We have built our model. Now, Lets see how it predicts on the test set.

# Predicting the Test set results 
y_pred = classifier.predict(X_test)

We could build the confusion matrix to see the accuracy of our model.

# Making the Confusion Matrix 
from sklearn.metrics import confusion_matrix 
cm = confusion_matrix(y_test, y_pred)

                                                      


We have come to the most exciting and fun part.

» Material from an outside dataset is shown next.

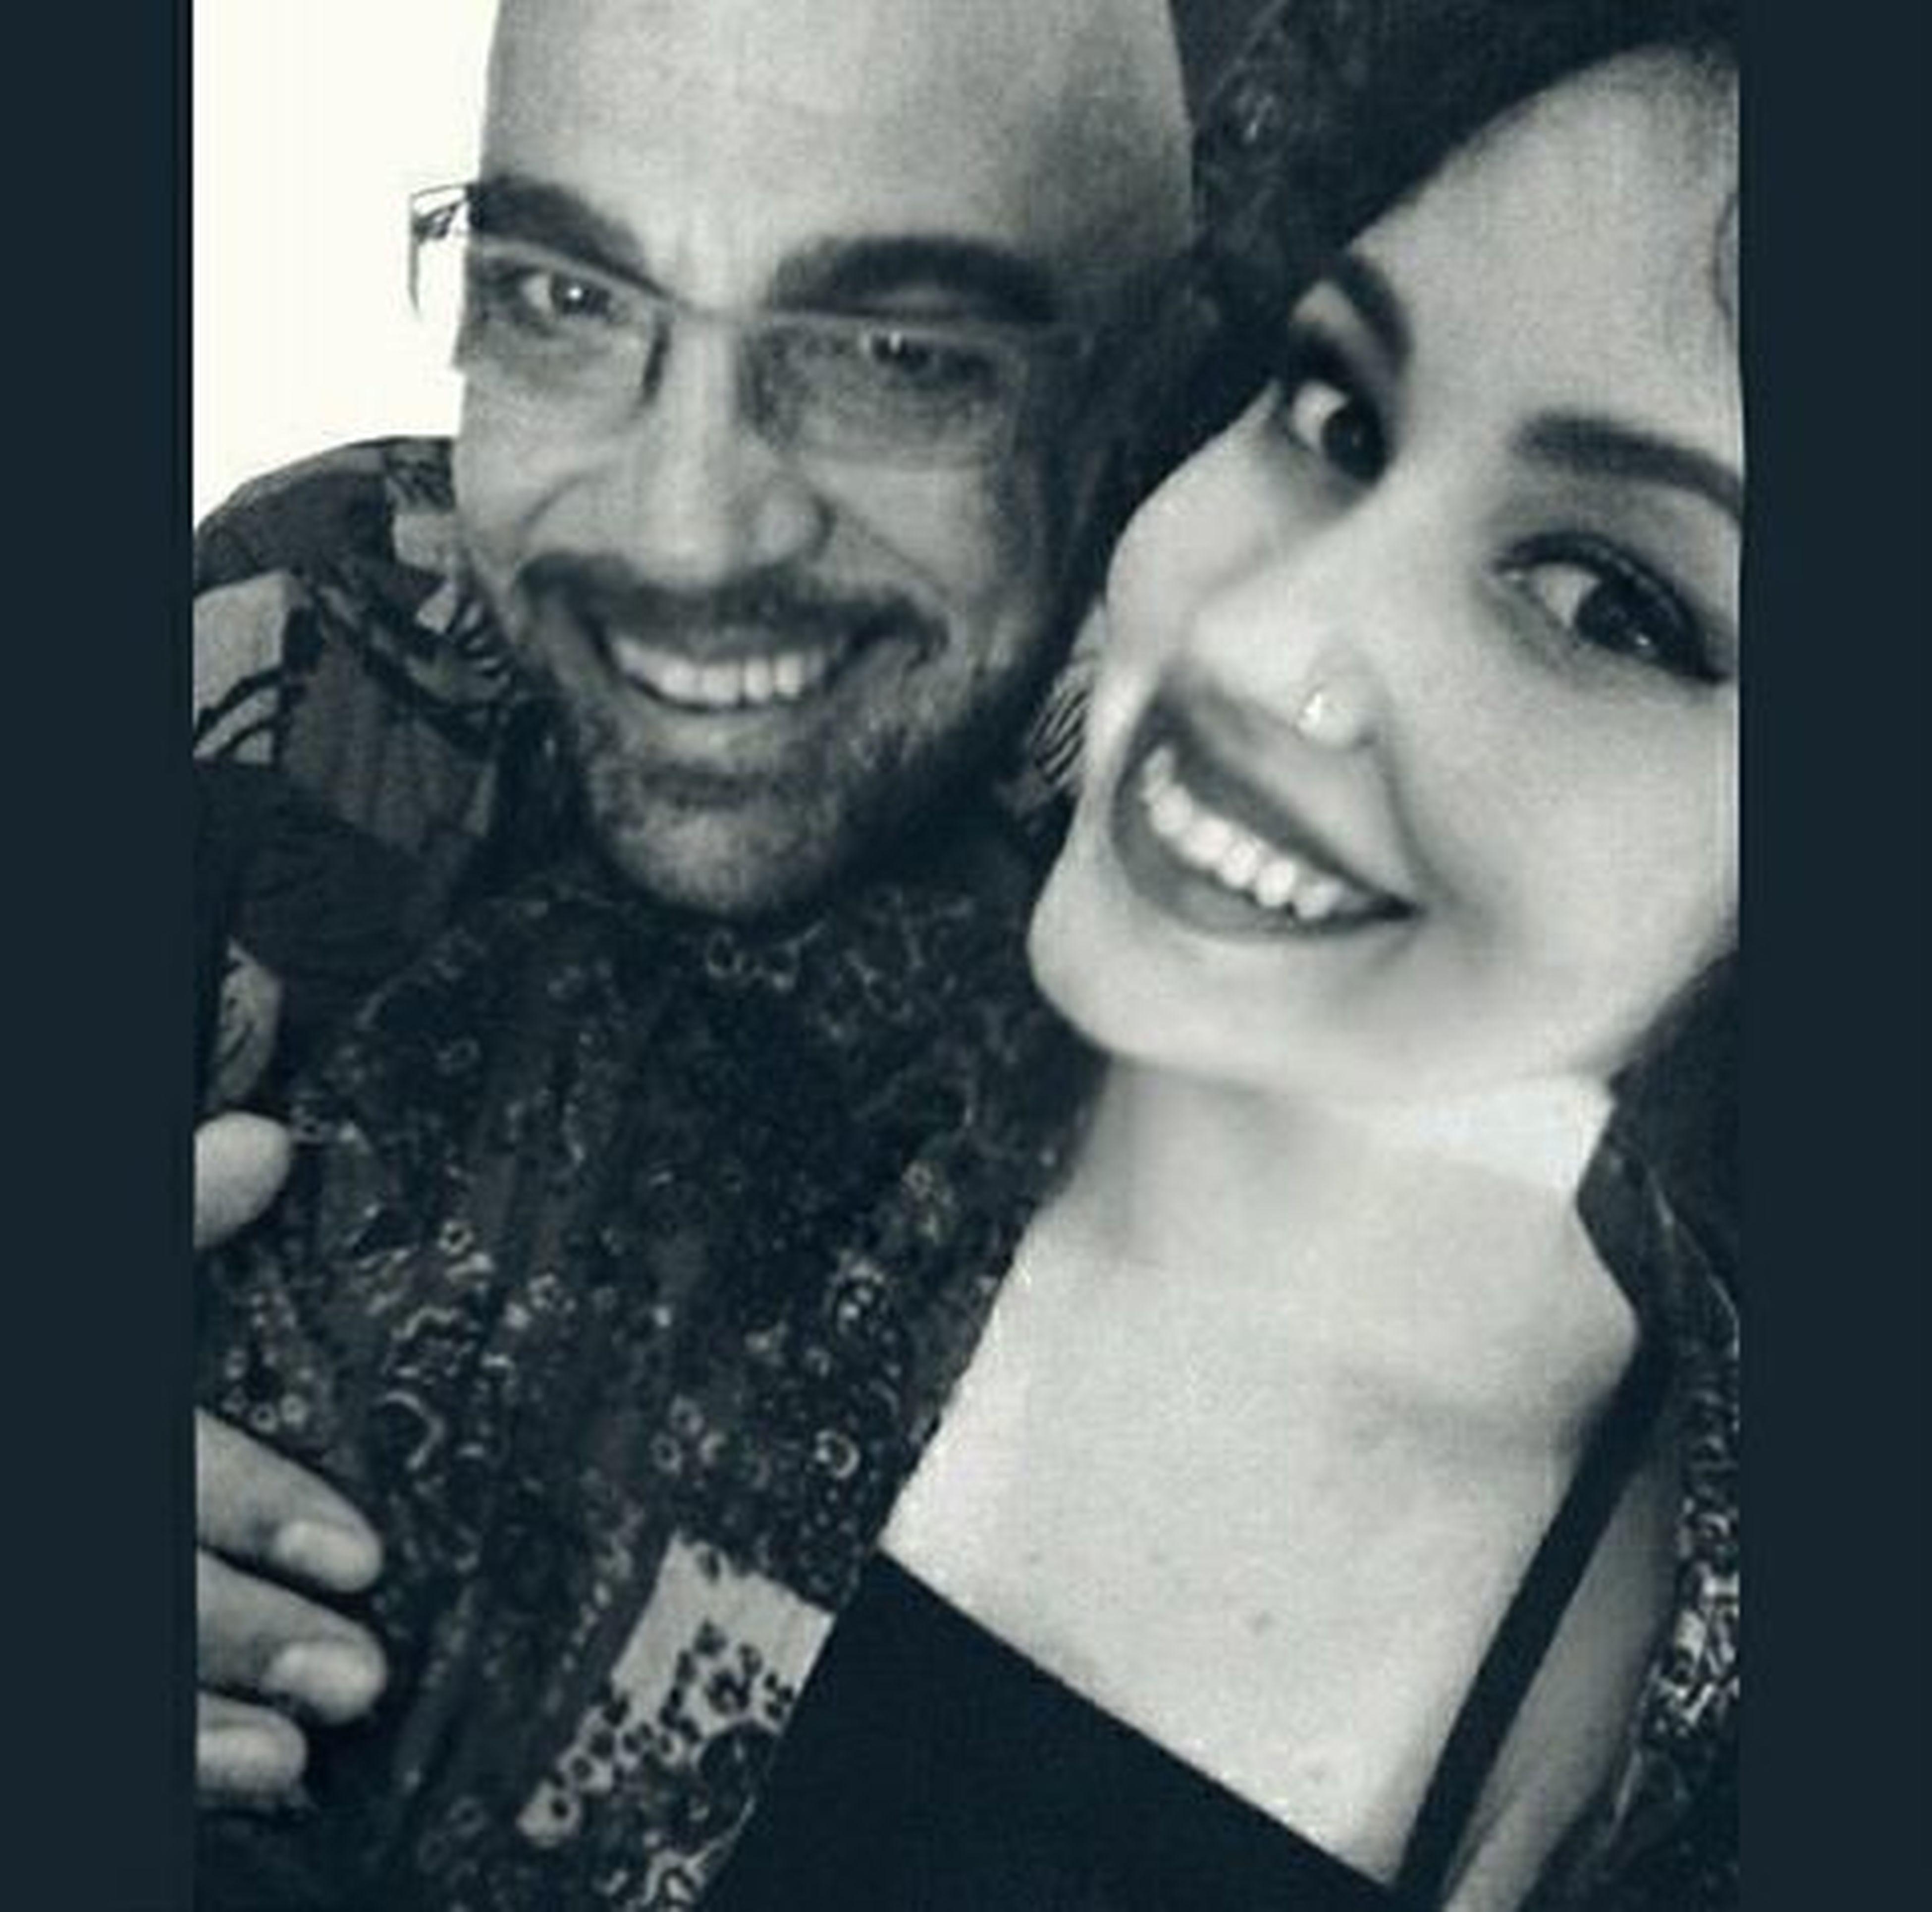 *Συζήτηση στα καμαρίνια όσο ξεβάφεται: -Πώς λες να μας λέγανε αν ήμασταν ένας άνθρωπος; -Σταυριγιαννάκη Ζουγανεγιάννη. -Και αν... -Ελεωνίνα Ζουγανεγιάννη. αθηνούλα θέατροπάνθεον βίκτωρβικτώρια γιαννάκης Likefather Mytalentedlove Valuablepeopleinmylife Family Selfie Smiles Happiness Happyfaces SaturdayNights Havingfun Loveiseverywhere Loveisintheair Loveisoverrated

Lets visualize the predictions of our model for training and test sets.

# Visualising the Training set results
from matplotlib.colors import ListedColormap
X_set, y_set = X_train, y_train
X1, X2 = np.meshgrid(np.arange(start = X_set[:, 0].min() - 1, stop = X_set[:, 0].max() + 1, step = 0.01),
                     np.arange(start = X_set[:, 1].min() - 1, stop = X_set[:, 1].max() + 1, step = 0.01))
plt.contourf(X1, X2, classifier.predict(np.array([X1.ravel(), X2.ravel()]).T).reshape(X1.shape),
             alpha = 0.75, cmap = ListedColormap(('red', 'green')))
plt.xlim(X1.min(), X1.max())
plt.ylim(X2.min(), X2.max())
for i, j in enumerate(np.unique(y_set)):
    plt.scatter(X_set[y_set == j, 0], X_set[y_set == j, 1],
                c = ListedColormap(('red', 'green'))(i), label = j)
plt.title('Random Forest Classification (Training set)')
plt.xlabel('Age')
plt.ylabel('Estimated Salary')
plt.legend()
plt.show()


                                                                        

# Visualising the Test set results
from matplotlib.colors import ListedColormap
X_set, y_set = X_test, y_test
X1, X2 = np.meshgrid(np.arange(start = X_set[:, 0].min() - 1, stop = X_set[:, 0].max() + 1, step = 0.01),
                     np.arange(start = X_set[:, 1].min() - 1, stop = X_set[:, 1].max() + 1, step = 0.01))
plt.contourf(X1, X2, classifier.predict(np.array([X1.ravel(), X2.ravel()]).T).reshape(X1.shape),
             alpha = 0.75, cmap = ListedColormap(('red', 'green')))
plt.xlim(X1.min(), X1.max())
plt.ylim(X2.min(), X2.max())
for i, j in enumerate(np.unique(y_set)):
    plt.scatter(X_set[y_set == j, 0], X_set[y_set == j, 1],
                c = ListedColormap(('red', 'green'))(i), label = j)
plt.title('Random Forest Classification (Test set)')
plt.xlabel('Age')
plt.ylabel('Estimated Salary')
plt.legend()
plt.show()


                                                                    

If you compare the results with a single Decision Tree classifier, you must find that Random Forest tends to provide more accurate predictions.